Hopefully this will lead to a full review of safety precautions for all the players in the field.

The nature of the injury was a surprise to all who dealt with the situation. The ball bounced in such a way that it hit his neck damaging the very sensitive vertebral artery. This is one of the major arteries supplying blood to the brain. That, coupled with the force of the injury (causing swelling and preventing the neurons of the brain from getting the vital nutrients we need) lead to a situation which was almost impossible for even the most advanced trauma units in the world to deal with.

Immediately after the injury, Hughes was taken to a trauma centre and surgery was done to decompress the skull. The skull is a bony closed compartment. When the brain swells, the skull doesn’t really give way which leads to the development of very high pressure inside the skull. That high intracranial pressure directly injures the neurons of the brain and at the same time prevents the heart from pumping blood to the brain to keep the rest of the brain alive.

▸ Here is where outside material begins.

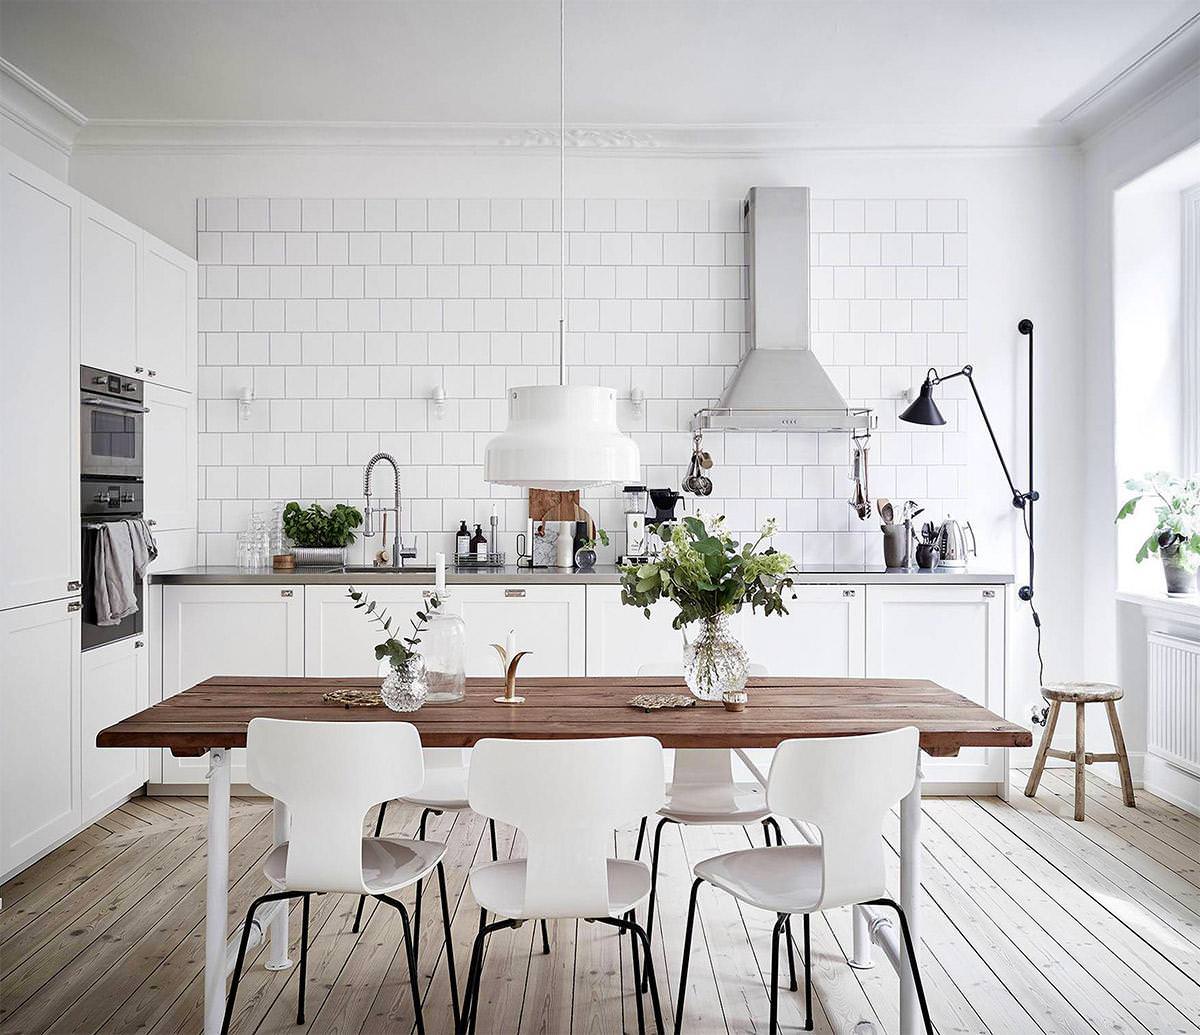 Thiết kế phòng bếp màu trắng giúp tối đa hóa ánh sáng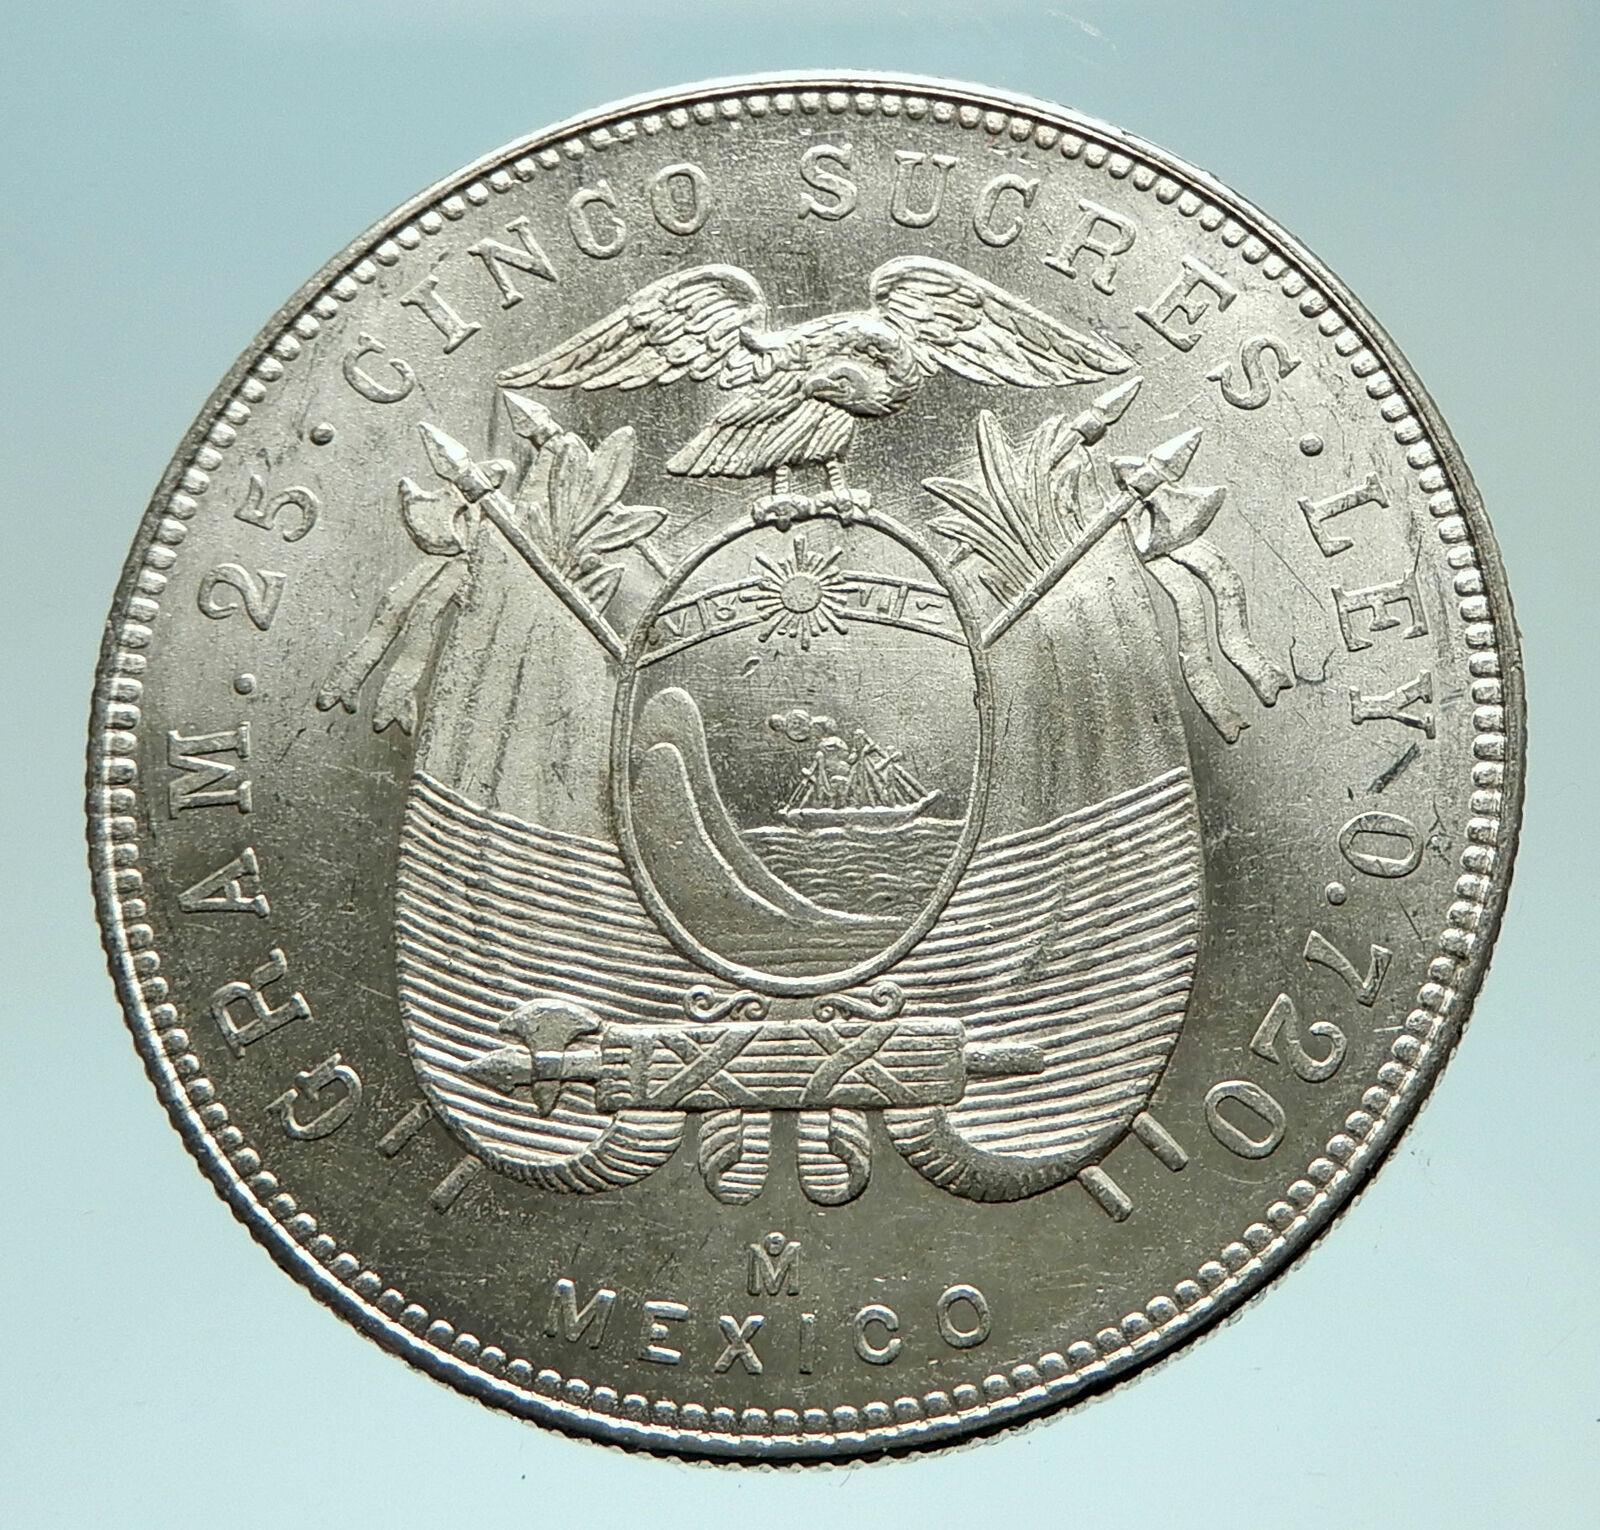 1944 ECUADOR Antonio Jose de Sucre y Alcala Antique Silver 5 Sucres Coin i76034

Hughes was put into a medically induced coma to slow the metabolic processes in the brain. This is, sort of, a last-ditch effort in most head injuries to try and slow the development of the swelling and allow the medical care team more time to let the drugs that control swelling work.

It works sometimes. In this case, it didn’t. Phillip Hughes passed away on November 27th. His death is a tragedy but hopefully a tragedy we all can learn from. Phillip Hughes will be remembered as a good man and an excellent sportsman. Hopefully the public health systems of both the developed and developing worlds will take notice of the precariousness of such injuries, and work on a war footing to increase the response times of EMS systems. Training and investment in infrastructure, to deal with such injuries, is actually a savings as injuries like this cost the society a great deal more in terms of lost lives and economic hardship for the families and communities involved.

This incident shed light on a disturbing truth that freak accidents can happen to anyone. It is the duty and responsibility of the citizenry to demand and work towards better EMS management in our communities.